Disneyland’s Hub

On this day in 1953, Disney Imagineer Marvin Davis finalized what’s known as the “hub” layout for Disneyland. 

Marvin was among the small group of early WED (Imagineering) employees working on Disneyland. Once the location of the park was determined, Marvin was tasked with designing the layout and organizing Walt’s many ideas into a singular site plan. 

The starting point for Marvin was the early drawings Harper Goff had completed for the Mickey Mouse Park Walt envisioned at the Disney Studio. When that concept expanded and a new location was chosen in Anaheim, new plans were required. Walt’s was ever-present in this process, offering new ideas, suggestions, and tweaks to Marvin’s plans on a daily basis.
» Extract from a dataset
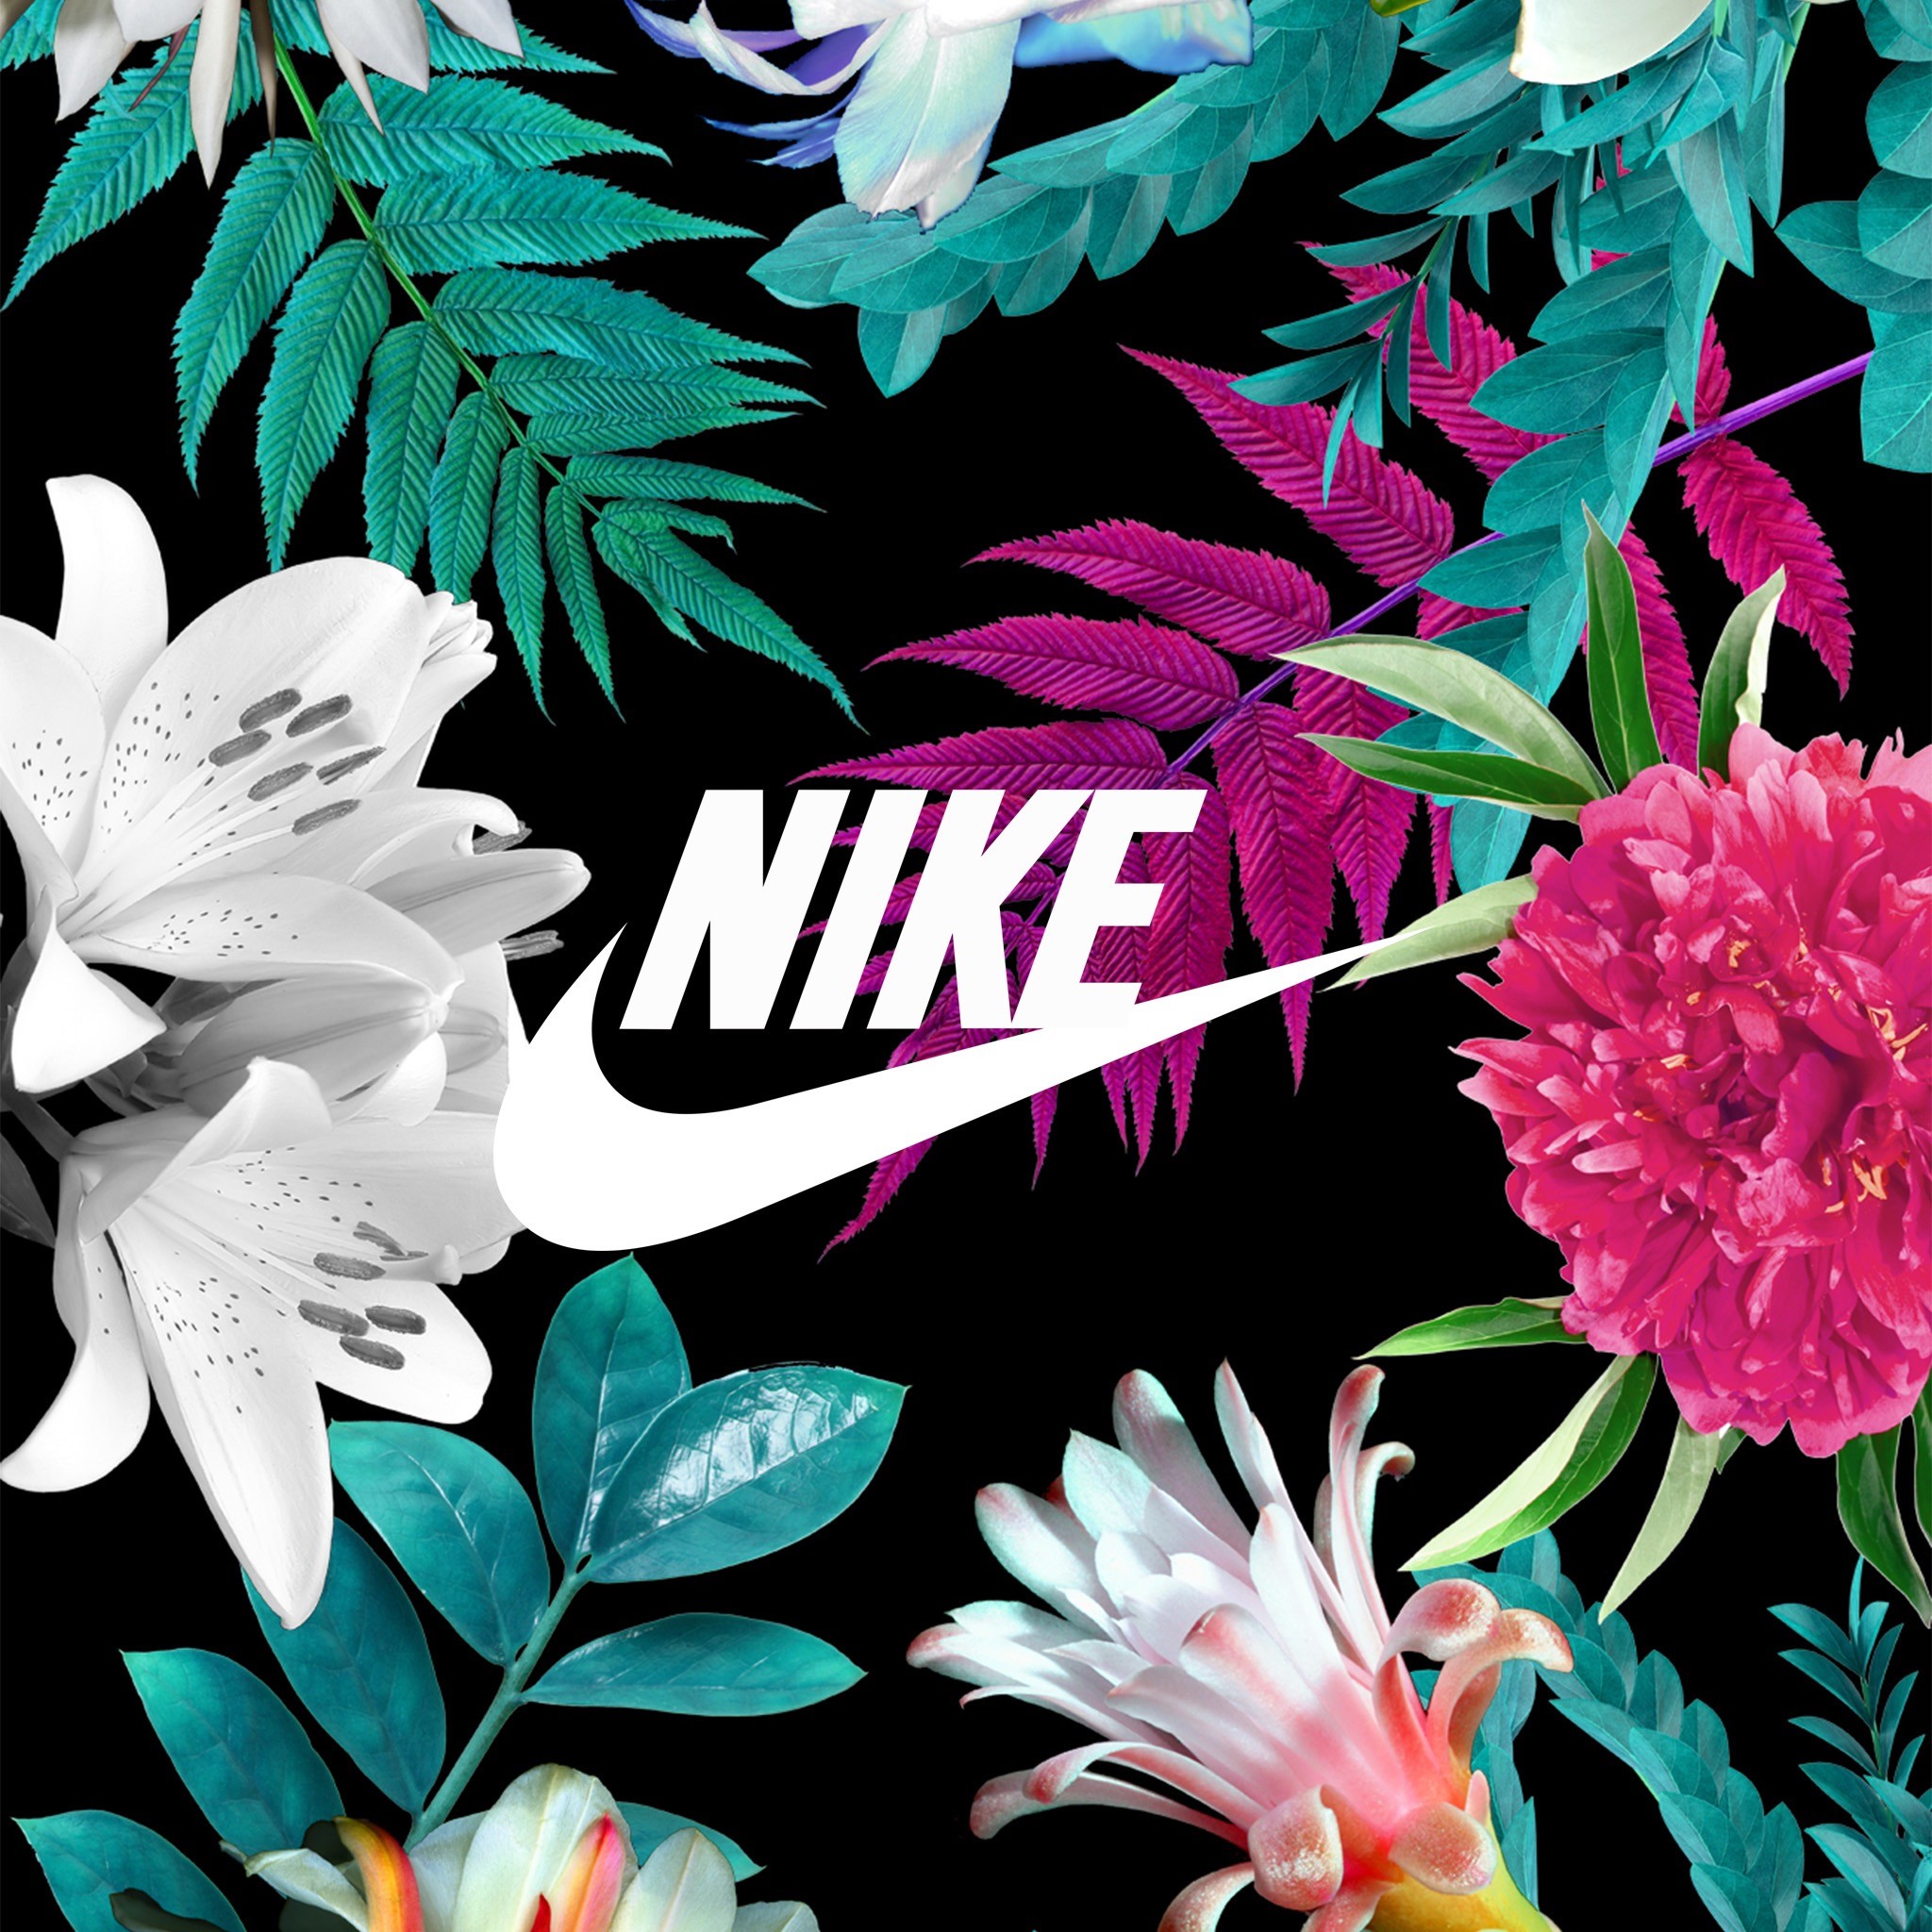 2048x2048 Nike with them flowers ð¶
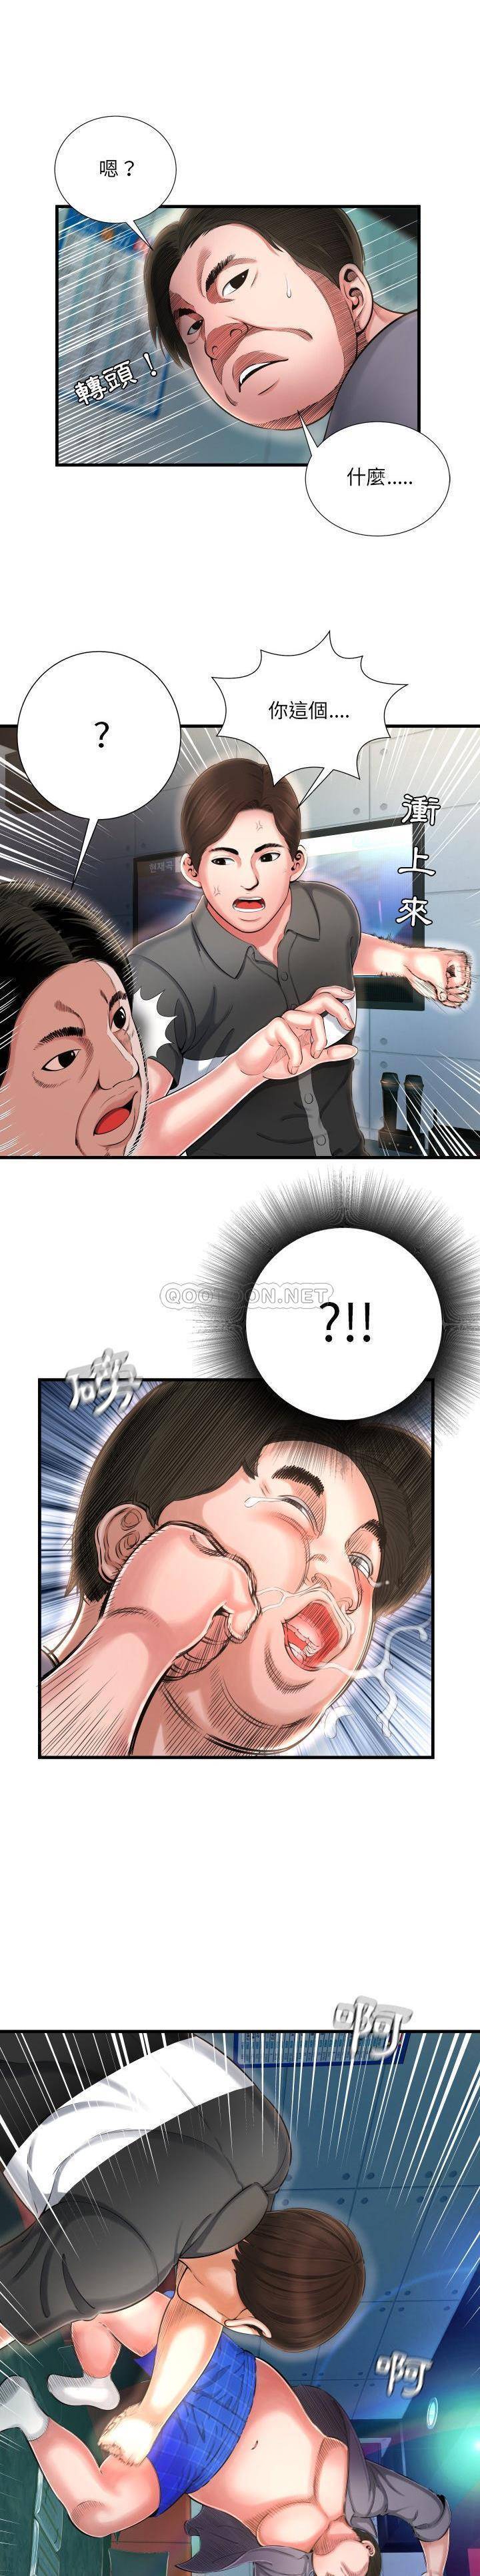 韩国污漫画 深淵 第7话 5

Marvin later said he worked up “133 different drawings and designs, because we had no idea where the Park was going to be or anything to begin with.” According to Disney Legend Joe Potter: “Marvin had a great knack for putting Walt’s ideas into form.”

Two of the concepts Walt wanted to see in the park’s design were new and innovative at the time. First, Walt wanted a single park entrance to ensure guests had a good orientation or starting point for their visit. Second, he wanted the various themed lands in his park to be arranged like a wheel with a central hub. Walt believed this would allow guests to naturally rotate through each land. He also thought it would allow parents and grandparents to reduce the amount of walking required by allowing them to rest in the central hub area while younger kids explored the different “spokes” or lands in the park. 

Shortly after the park opened, Marvin concluded: “I think we were pleased with the overall Park plan, the way the single entrance street worked, and the hub. The general flow of traffic was as we expected, and it worked. People saw everything we wanted them to see.”